As noted above, Defendant also takes issue with the statement that she met her purchase limit under state law on a monthly basis. In its response, the Government concedes that this statement "appears not to be correct as to Defendant Snyder." (Docket No. 40 at 4.) Nevertheless, Defendant has not presented any evidence of "deliberate prevarication" by Corporal Smith. United States v. Millar, 79 F.3d 338, 342 (2d Cir. 1996). Based on the Court's analysis during the hearing it appears Defendant did meet her purchase limit on one of the three 30 day monthly periods. Furthermore, there is no evidence that Corporal Smith affirmatively intended to mislead the State magistrate who issued the search warrant. See United States v. Chavez, 902 F.2d 259, 265 (4th Cir. 1990). Accordingly, the undersigned cannot find that Corporal Smith "knowingly and intentionally, or with reckless disregard for the truth," included the statement that Defendant met her purchase limit under state law on a monthly basis in the warrant affidavit. Franks, 438 U.S. at 155-56.

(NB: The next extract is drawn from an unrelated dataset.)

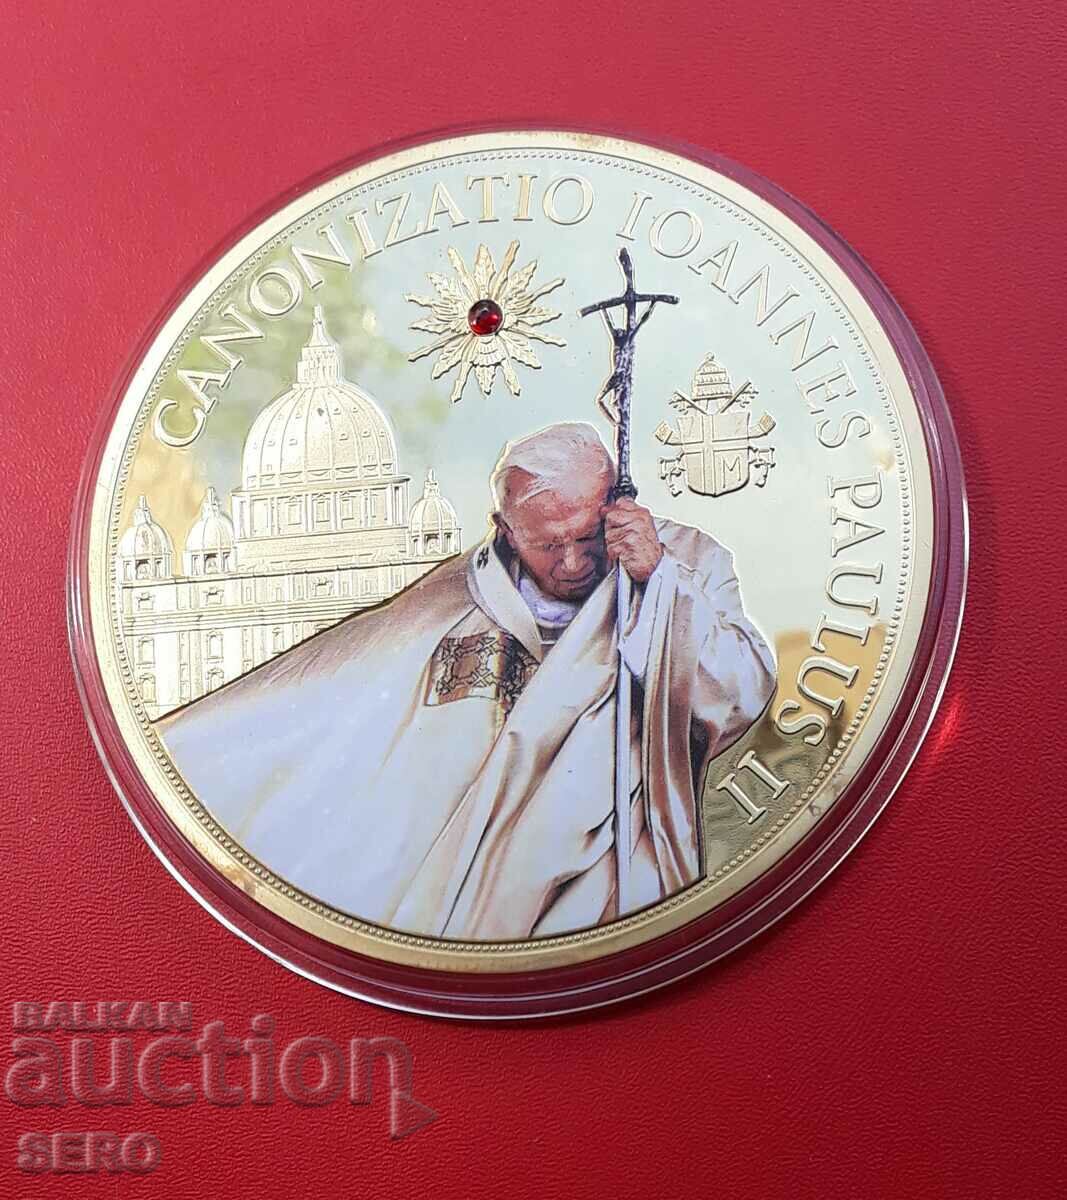 Vatican - medalie mare si frumoasa 2014 - placata cu aur cu 1 cristal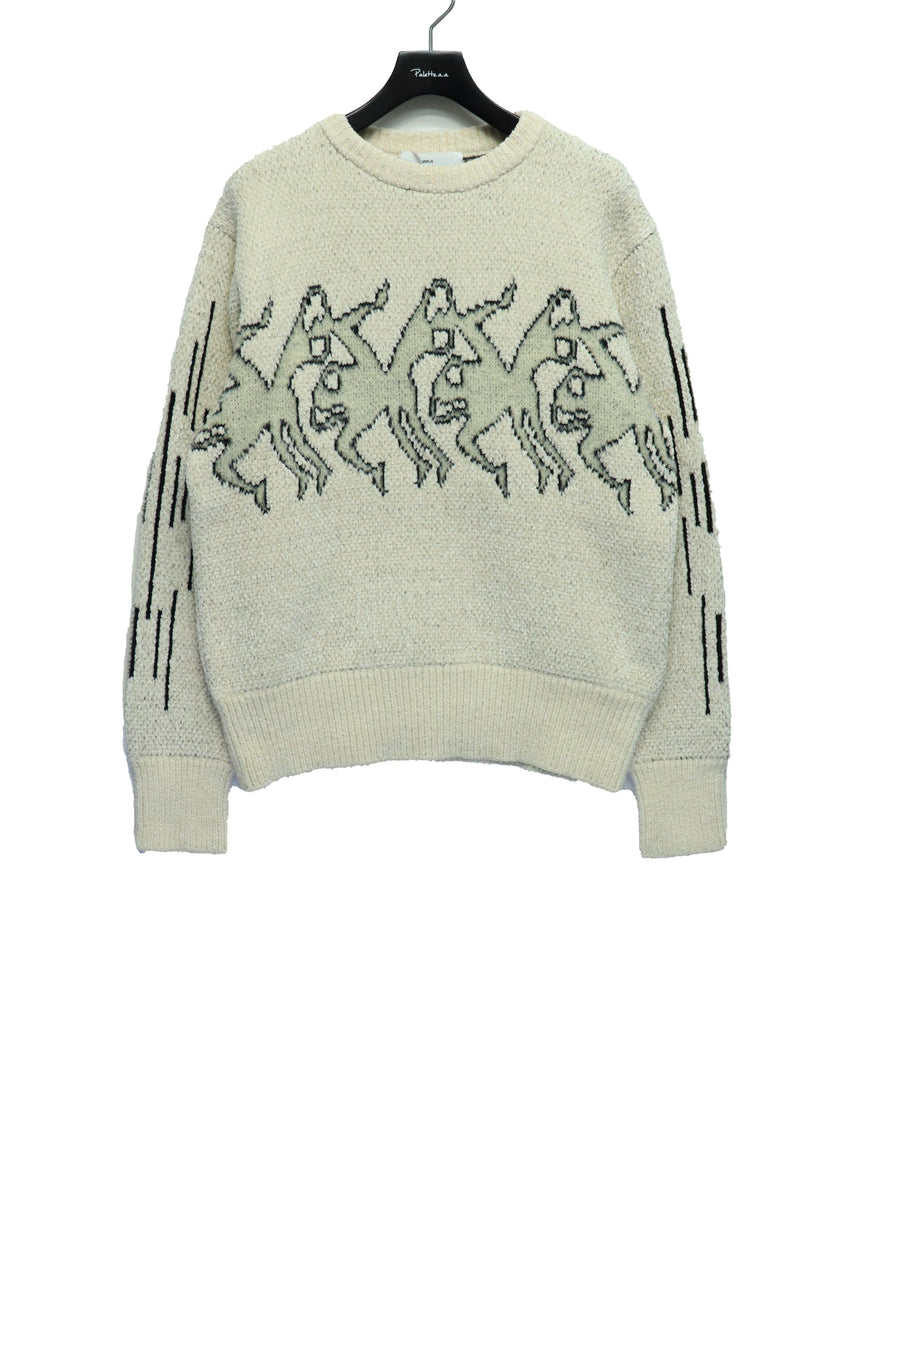 TOGA VIRILIS Jaquard knit pullover ニットかわいらしいデザインになります

In sum, Defendant has not made "a substantial preliminary showing that a false statement knowingly and intentionally, or with reckless disregard for the truth, was included by the affiant in the warrant affidavit." Id. Given this, the undersigned does not find it necessary to consider whether, "when material that is the subject of the alleged falsity or reckless disregard is set to one side, there remains sufficient content in the warrant affidavit to support a finding of probable cause." Id. at 171-72. Accordingly, Defendant has not met her burden for receiving a Franks hearing, and her motion to suppress should be denied.
V. RECOMMENDATION
For the reasons stated herein, it is RECOMMENDED that Defendant's "Motion to Suppress and Request for Franks Hearing" (Docket No. 37) be DENIED.
Any party may, within fourteen days after being served with a copy of this Report and Recommendation, file with the Clerk of the Court written objections identifying the portions of the Report and Recommendation to which objection is made, and the basis for such objection. A copy of such objections should also be submitted to the Honorable Irene M. Keeley, United States District Judge. Failure to timely file objections to the Report and Recommendation set forth above will result in waiver of the right to appeal from a judgment of this Court based upon such report and recommendation. 28 U.S.C. § 636(b)(1); United States v. Schronce, 727 F.2d 91 (4th Cir. 1984), cert. denied, 467 U.S. 1208 (1984); Wright v. Collins, 766 F.2d 841 (4th Cir. 1985); Thomas v. Arn, 474 U.S. 140 (1985).
The Clerk of the Court is directed to send a copy of this Report and Recommendation to counsel of record.
Respectfully submitted this 13th day of October, 2014.